It’s day one on the Little Desert Bush Blitz in western Victoria!
Scientists from Museums Victoria, Melbourne Herbarium, Queensland Museum and the University of NSW are being briefed before they head into the field to begin their first day of collection. They will set up standard pitfall traps to collect reptiles and amphibians, mini pitfall traps to collect spiders, Malaise traps to collect flying insects and light traps to collect moths. The team will also be collecting plants, using sweep nets to collect bees and searching under rocks for snails. With all this effort, new species are almost a given.

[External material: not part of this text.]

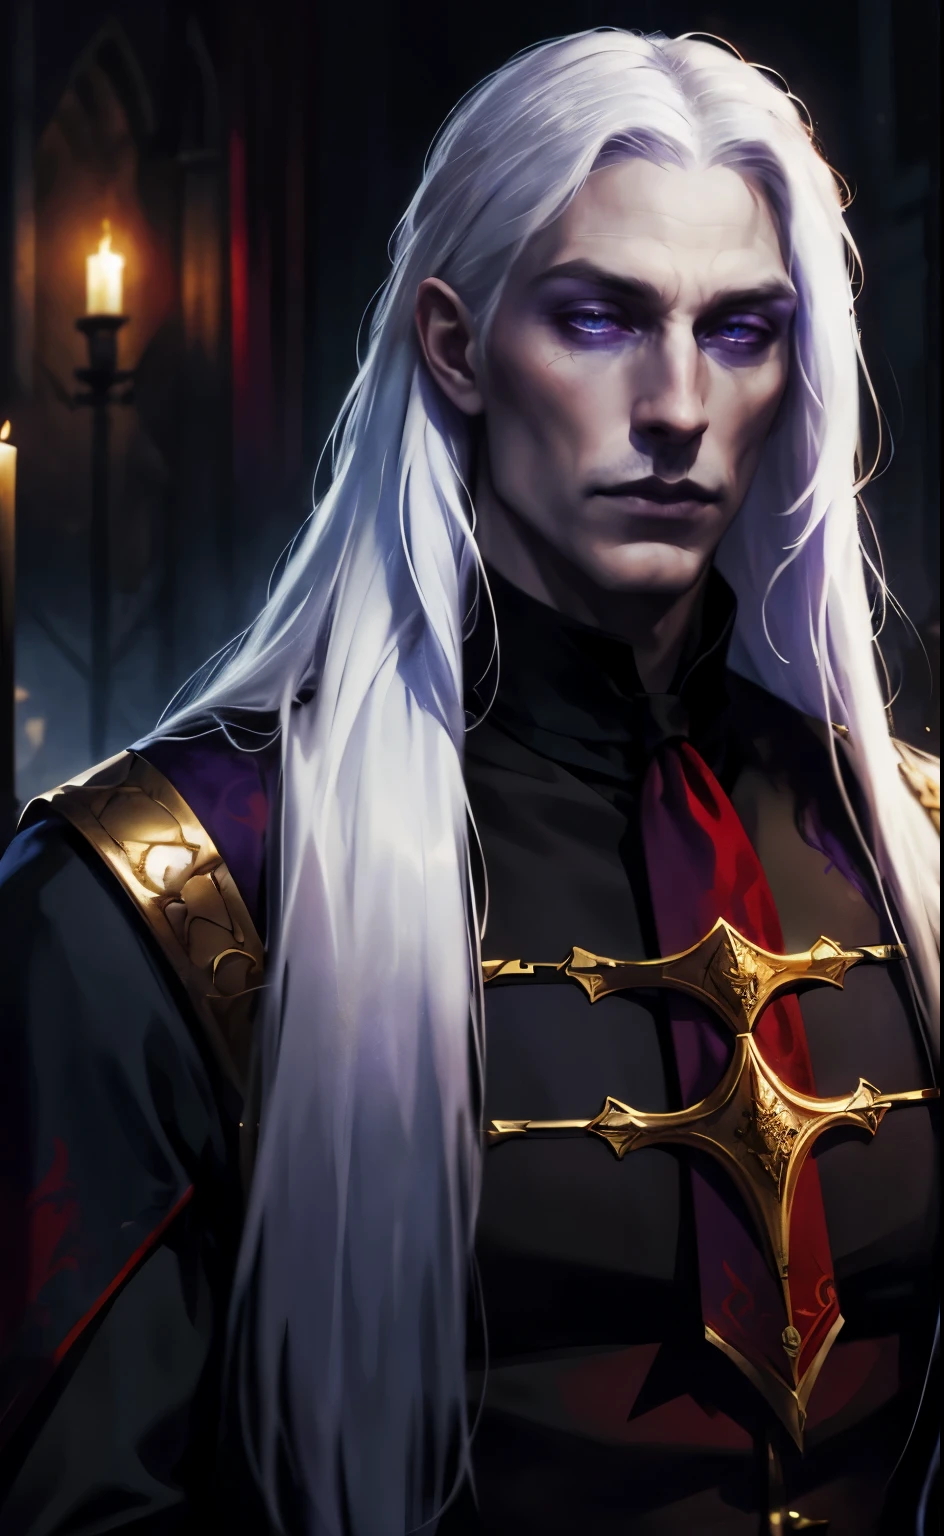 Dark Fantasy, Middle Ages, Targaryen, prince, man, with long straight white hair, pale skin, purple eyes, scar on nose, strong build, black lips, face looks like Luke Goss, in a red doublet with gold buckles.
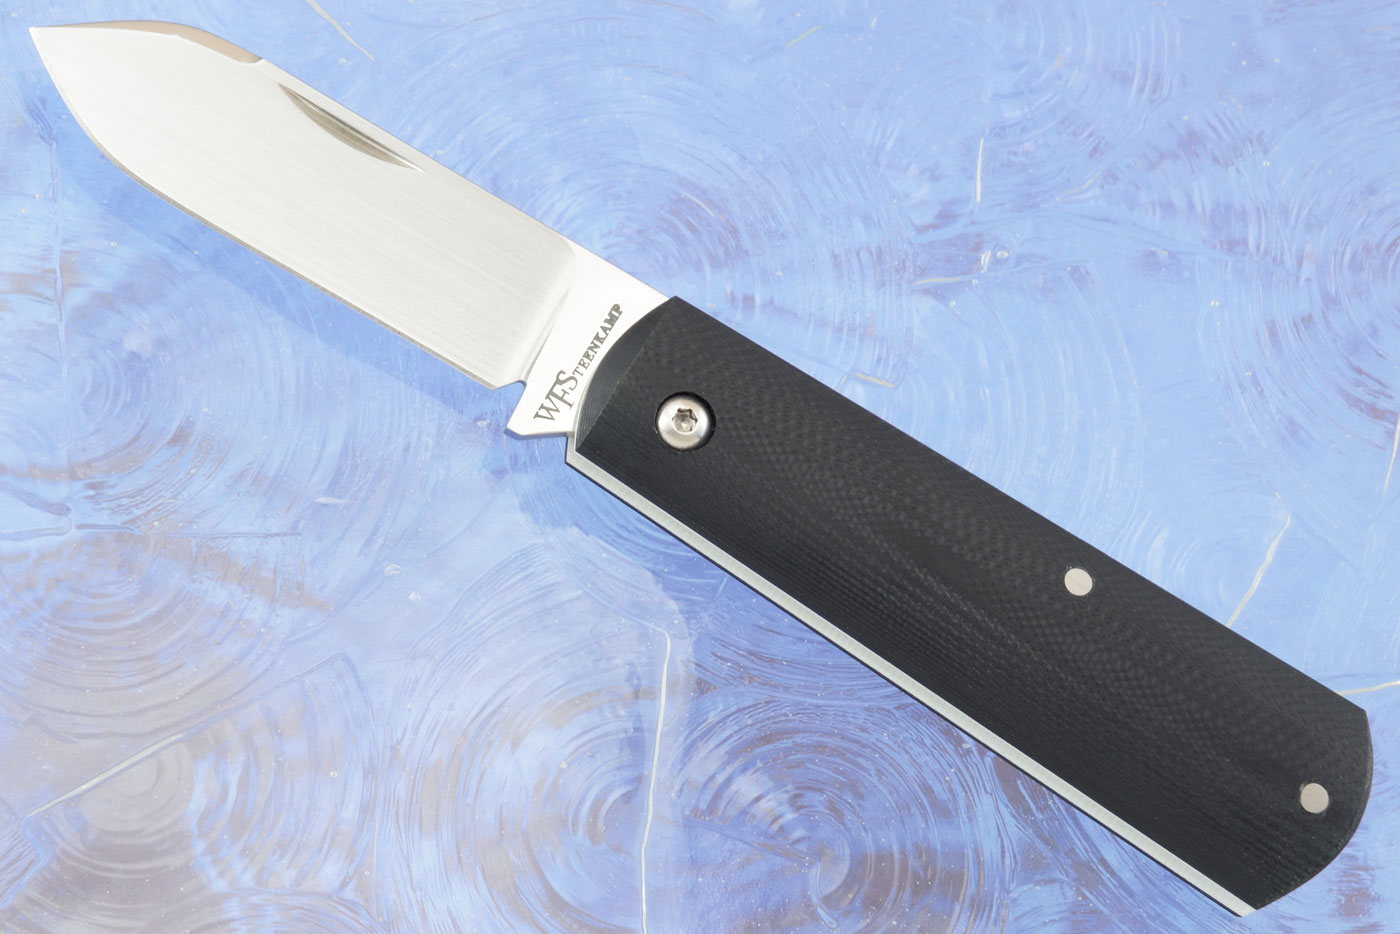 Barlow Friction Folder with Black and White G10

Team safety briefing – day 1
The Little Desert Bush Blitz will focus, not surprisingly, on the Little Desert National Park, as well as a selection of other small conservation areas in the region. The park covers 132,647 ha, from the Wimmera River in the east to the South Australian border in the west. Surrounded by agricultural land, the park consists mainly of deep sandy soils with very low fertility, interspersed with small pockets of clay soils, and occasional rocky, sandstone outcrops and gravelly rises. The sand dunes and relatively low rainfall have led to the descriptive term ‘desert’, however, the area supports a diverse vegetation ranging from woodlands of Yellow Gum, River Red Gum and Black Box through open woodlands of Desert Stringybark to expansive Desert Banksia and Sheoak heathlands.
Keeping track of the troops as they head into the field
Apart from the new species we are hoping to discover, we are also hoping to spot the rare Malleefowl, a large ground-dwelling bird that builds a mound instead of a nest, and prefers habitat that has not been burnt for 40–60 years.